Btw, are you still interested in improving suspend/resume from STR to STD?


#6 That is very interesting, because:
In the FreeBSD forums, there are constant complaints regarding Nvidia cards. 
Garbled display when switching between console and X, and after resume. I have made the discovery that this apparently *only* happens when vesa.ko is present.
And that is in the GENERIC kernel or as loaded module.

In the forums I have talked much of that problem. Apparently all people that followed my advice to build a custom kernel *without* option VESA and switch from vt to sc console (because the default vt console pulls in vesa.ko, if not present in kernel), got rid of these problems.

And, in my naive opinion I think suspend/resume should *not* be broken by just doing kldload vesa.ko. (this is factually the way to reproduce the problem)

So I have the strong feeling that there is a serious problem with the vesa module. But that is just my (possibly misleading) intuition.
Comment 9 Jung-uk Kim freebsd_committer 2017-12-04 22:22:15 UTC
(In reply to Stefan B. from comment #8)
> Btw, are you still interested in improving suspend/resume from STR to STD?

No, not really.

> In the FreeBSD forums, there are constant complaints regarding Nvidia cards.
...
> So I have the strong feeling that there is a serious problem with the vesa
> module. But that is just my (possibly misleading) intuition.
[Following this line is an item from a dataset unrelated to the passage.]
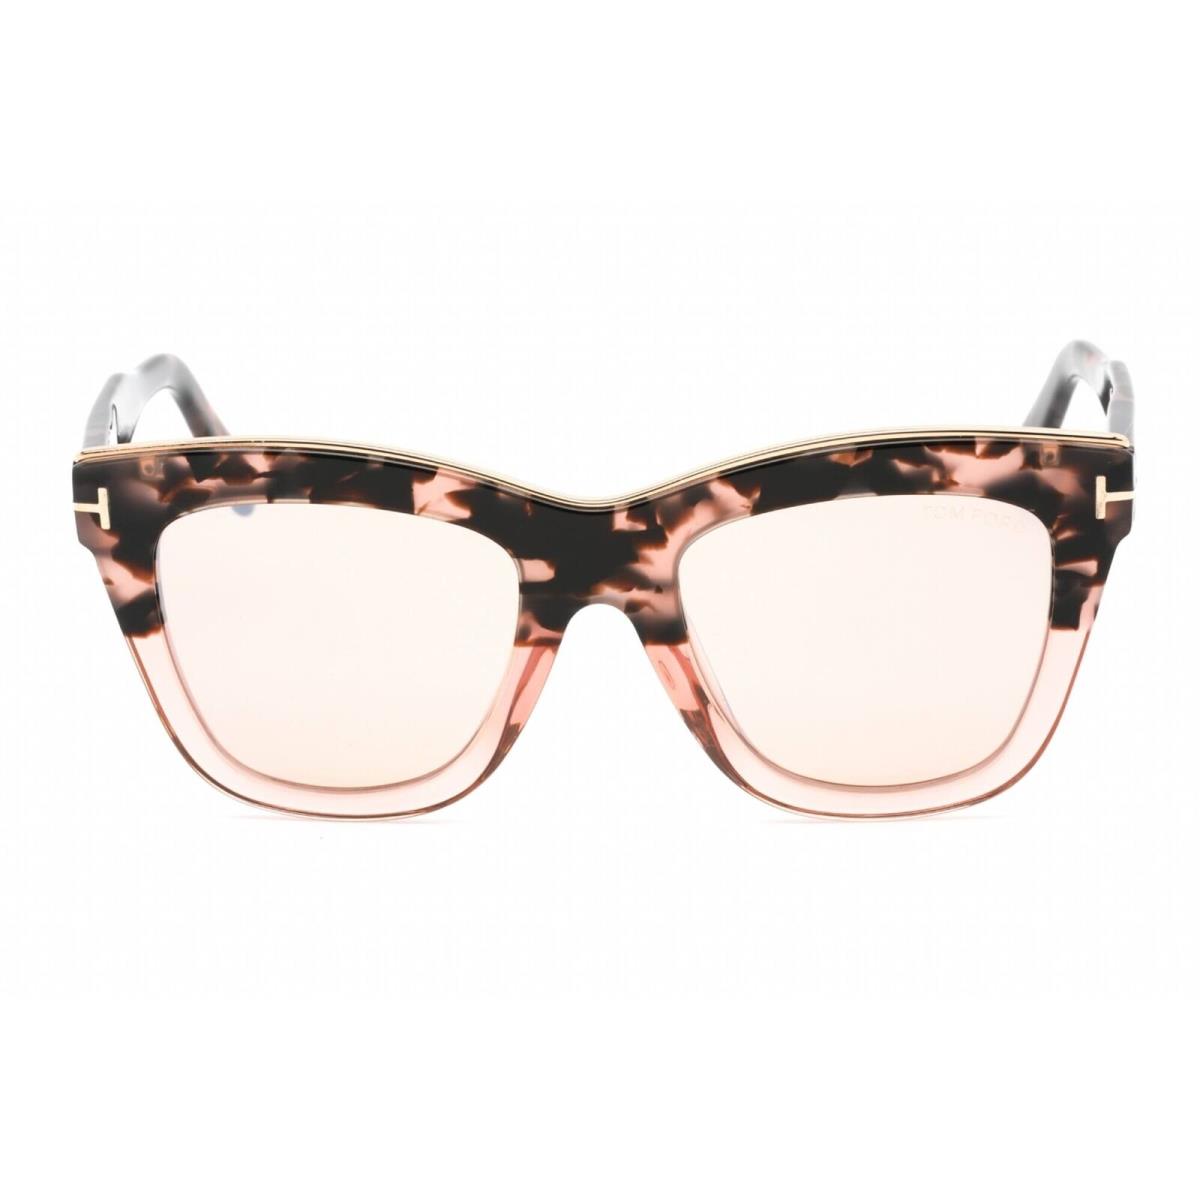 Tom Ford Women`s Sunglasses Pink Havana Plastic Cat Eye Shape Frame FT0685 56G

Ah, NVIDIA...  It is a well known problem for many years.  The root cause is NVIDIA does not really support VESA BIOS re-POST and save/restore state calls.  It just checks few bits and returns immediately if they are set/clear.  I have a feeling that they intentionally did it to make reverse engineering harder.  On top of that, they don't provide any information to improve the situation.  Long time ago, I even bought couple of cheap NVIDIA controllers to fix the problem but soon I gave up because I realized it was too complicated and I wasn't desperate.  So, no, VESA module have no "serious" problem.  Just NVIDIA doesn't want us to mess around with their hardware although we own it.

We can add few knobs in the driver to work around these issues and turn them on by default if NVIDIA controller is found.
Comment 10 Stefan B. 2017-12-04 22:54:19 UTC
(In reply to Jung-uk Kim from comment #9)
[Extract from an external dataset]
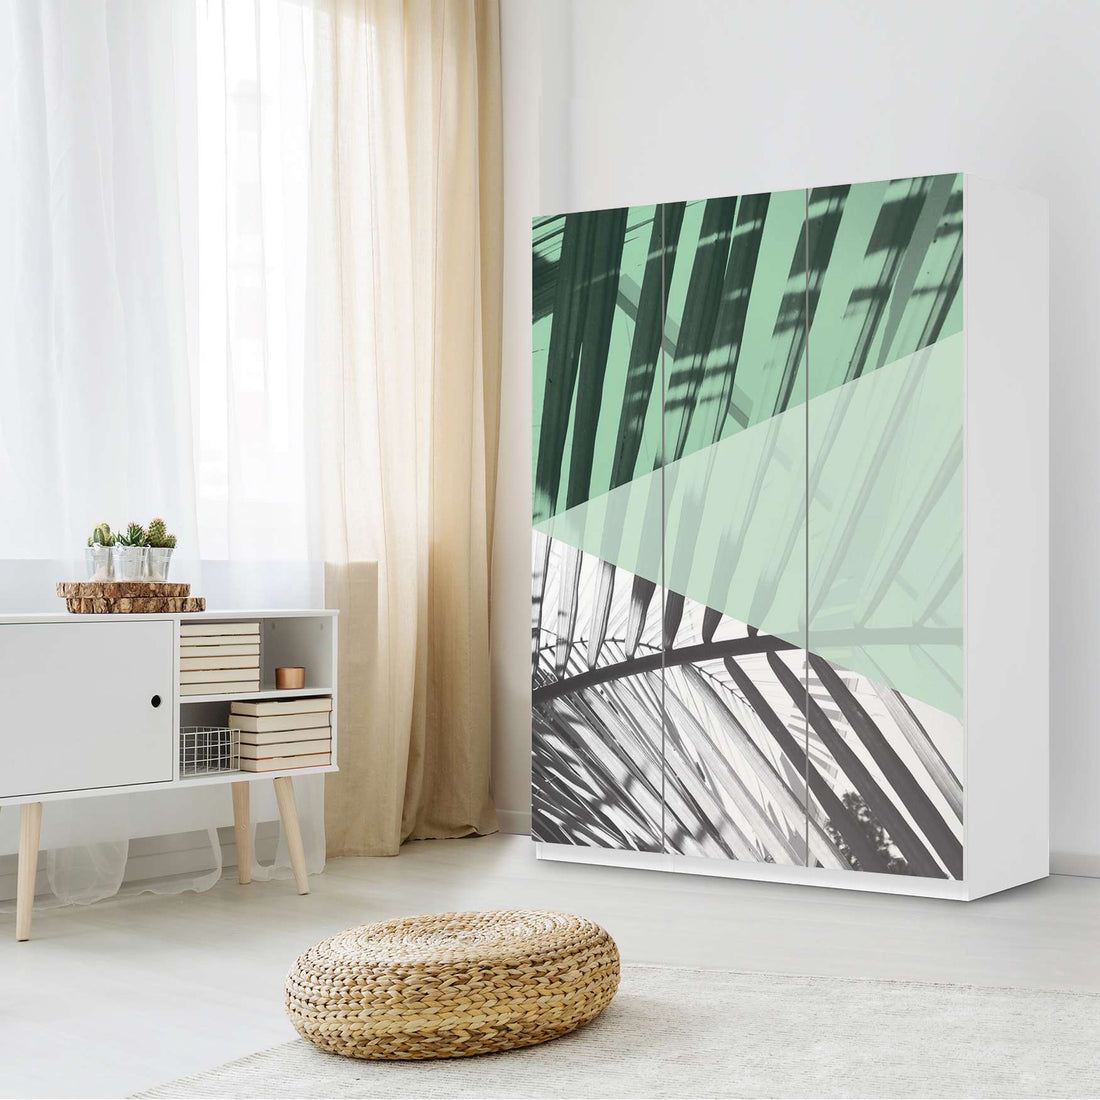 Folie für Möbel IKEA Pax Schrank 201 cm Höhe - 3 Türen - Design: Palmen mint

> We can add few knobs in the driver to work around these issues 
> and turn them on by default if NVIDIA controller is found.

That would be the right thing to do then.
Would save a lot of bad UX.

And the supporting guys on the forums would be happy if these constantly recurring nvidia problems would be mitigated (at least to a degree).
It's not nice to see people going back to Linux just because the text console is unusable etc.
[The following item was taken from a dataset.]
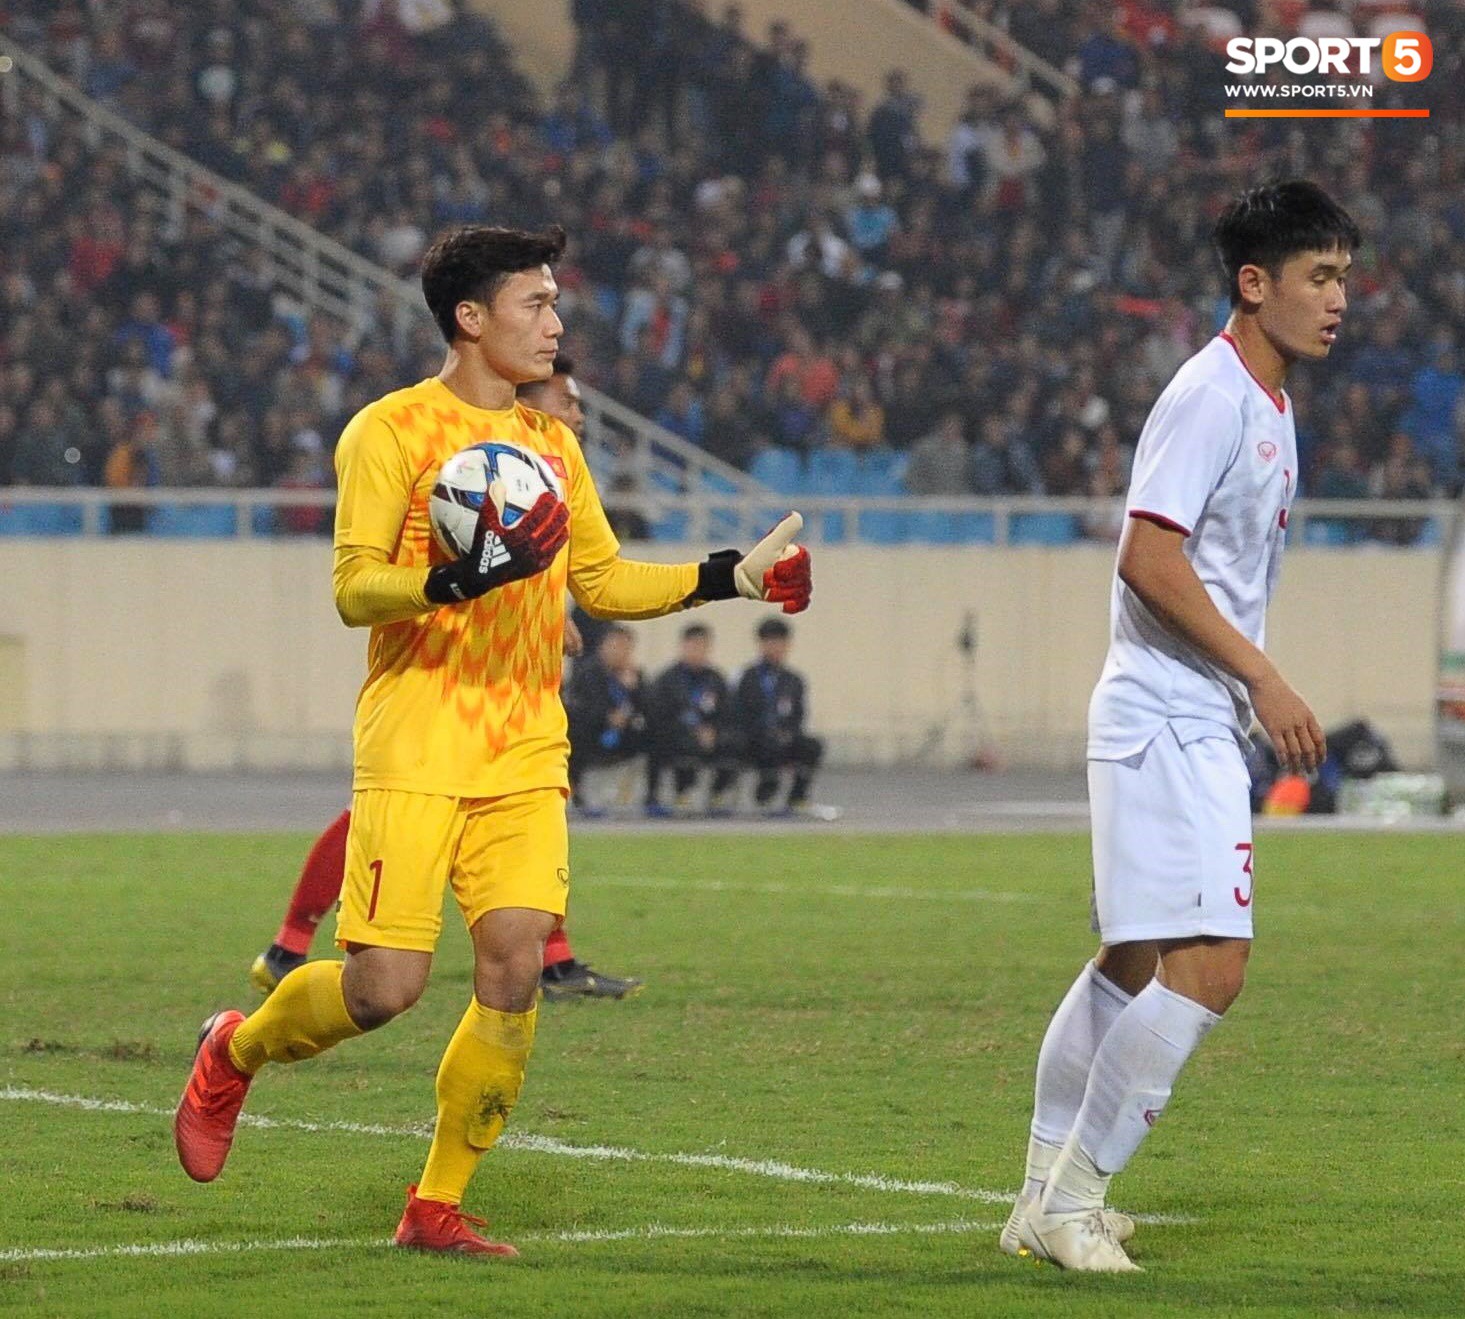 Thủ thành Bùi Tiến Dũng xử lý khó hiểu trong trận đấu với U23 Indonesia - Ảnh 5.

> The root cause is NVIDIA does not really support VESA BIOS re-POST 
> and save/restore state calls.  It just checks few bits and returns 
> immediately if they are set/clear.

Aww. Didn't know that. You did obviously a lot of research. Kudos!

This is a very bad thing to learn, as this could make STD with Nvidia cards virtually impossible without involving X.

(Btw, do you know whether ATI cards behave better in this regard, supporting state saving/restoring?)
Comment 11 Jung-uk Kim freebsd_committer 2017-12-04 23:06:06 UTC
(In reply to Stefan B. from comment #10)
> (Btw, do you know whether ATI cards behave better in this regard, supporting
> state saving/restoring?)

Yes.  I've never heard any complaint about ATI/AMD controllers for many years.